Bane stood and made his way to one of the comfortable wooden seats the club’s prospects had crafted out of giant logs. Einstein stayed on his knees next to the fire, following Bane with his gaze. A forbidden subject? He didn’t know how Bane could think that about Einstein’s girls, especially since he’d dedicated the past three years of his life to tracking down the man who’d been the cause of their deaths.
Sure, I don’t talk about them much, but that’s not because they deserve to be hidden away.
Mostly it was out of self-preservation, at least at first. Being around couples, some of them with kids around Makayla’s age, had hurt like a motherfucker. Survival mode. Was that honest, though? They’d been gone more than a year before he’d met Bane. Wasn’t that I wallowed, though. A memory struck him of Retro standing in his kitchen back in Birmingham, staring at a pile of splintered wood that had been furniture. Dark days, that’s all it was. That had been nearly a year gone from planting his girls into the ground, though. Einstein was honest with himself, had come to grips with the knowledge that if Retro hadn’t dragged him kicking and screaming into the daylight, he would have gladly remained in the dark. I’d have stayed there until the dark was all there was.
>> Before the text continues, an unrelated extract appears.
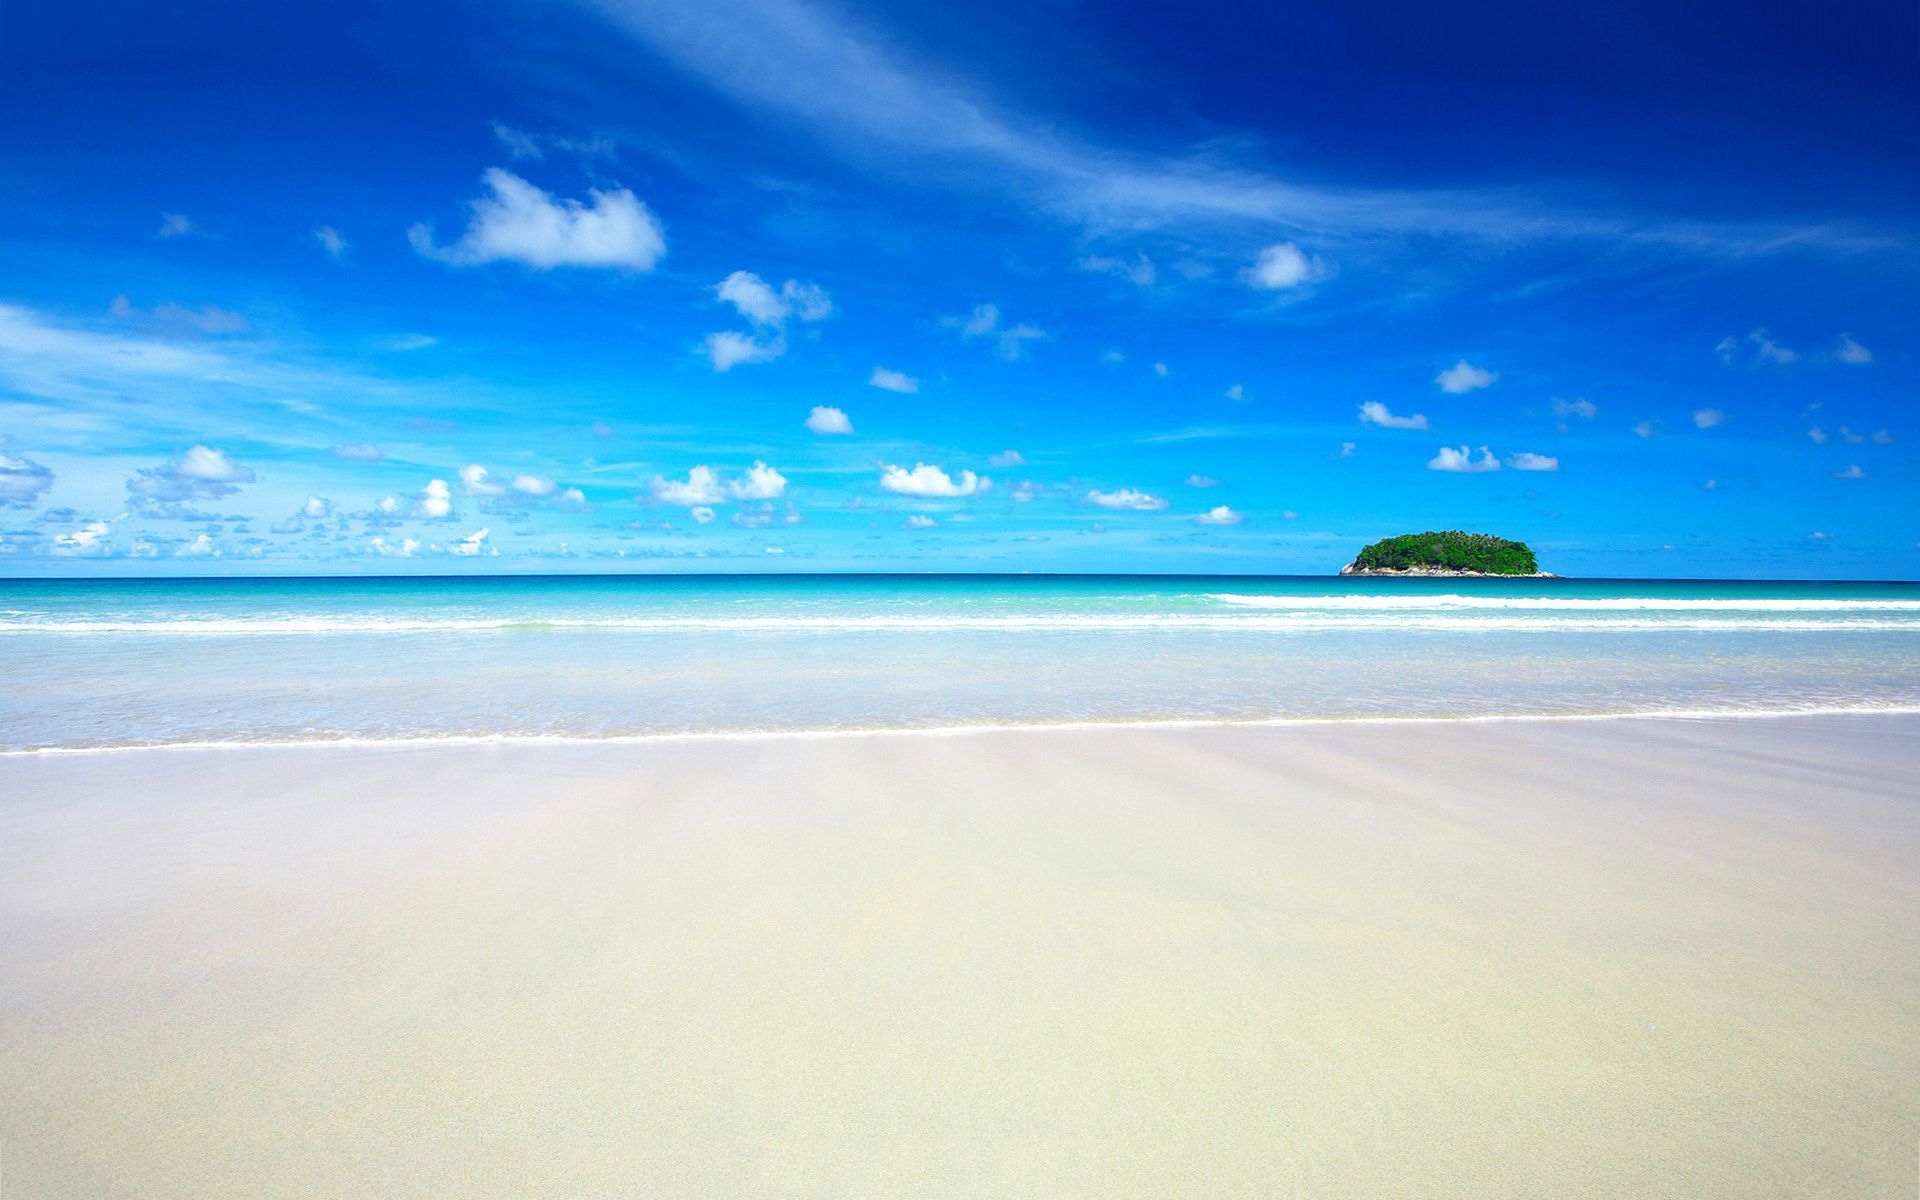 The Cook Islands Http Www Mphfitness Com Beach Wallpaper White Sand Beach Beach

He thought of Marian’s face following their first kiss, her seated on the squeaky plastic of a bench in a booth meant for families and lovers. She’s the opposite of darkness. Softly yearning, her lips had chased his. The love-drunk expression in her eyes when they fluttered open had curled gently around his heart, warming him from the inside out.
“Okay, I have feelings for her.” The honesty in his statement literally knocked him sideways, his ass landing in the packed dirt around the fire ring. No I don’t. It’s just a ruse. Bile rose in his throat at the thought, and he knew lying to himself wouldn’t be possible. She thinks it’s a stunt, a lie. Now he wanted to vomit at the idea he was actively taking something so good and perverting it for his own end. “Not sure she feels the same.” That was truth, because she’d only agreed to go along with the plan after she’d understood what happened to Lauren and Makayla. Will we ever be able to get past this into something that’s real on both sides? “I’m going to do what I can to get her there.”
“Brother.” Gunny’s urgent shout came from the darkness. His tone had hair all over Einstein’s body raising into gooseflesh. Einstein awkwardly climbed to his feet, aware of Bane doing the same across the flames. “Answer your fuckin’ phone already.” Heat suffused his voice as he came into view. “There’s something happened to Marian.”
***
It was hours later and the words were still circling his head.
Something happened to Marian.
Luke had first phoned the house, and unable to get an answer, had called Bane’s cell phone. With the device left on the kitchen countertop, that call had also gone to voicemail, and so Luke had turned to Gunny for help.
Luke and Marian had been at the theater, walking out with the crowd afterwards, when he said his sister had stumbled. He’d caught at her to try and steady her, but a man was there faster. Luke said all he could grab was her arm, because the man already had a hold around her shoulders, keeping her upright as her head nodded. The man hadn’t said anything at all, ignoring Luke and steering a mumbling Marian to a van parked along the curb nearby. Luke had yelled as he’d yanked at her hand, trying futilely to pull her from the man’s grip.
Luke had still been screaming and yanking at the handle as the van door shut in his face and the vehicle pulled away. Only then did some of the people in the crowd ask what was wrong.
Gunny estimated it had taken less than ten seconds to incapacitate her, probably medically, and then another ten to abduct her in clear view of more than three dozen people. With everyone’s attention on the shouting boy, the police didn’t have a plate to run, and only the most generic “white panel van” as a description. Luke hadn’t looked at the man, his attention focused on his sister, so even the club didn’t have a single solid clue to follow.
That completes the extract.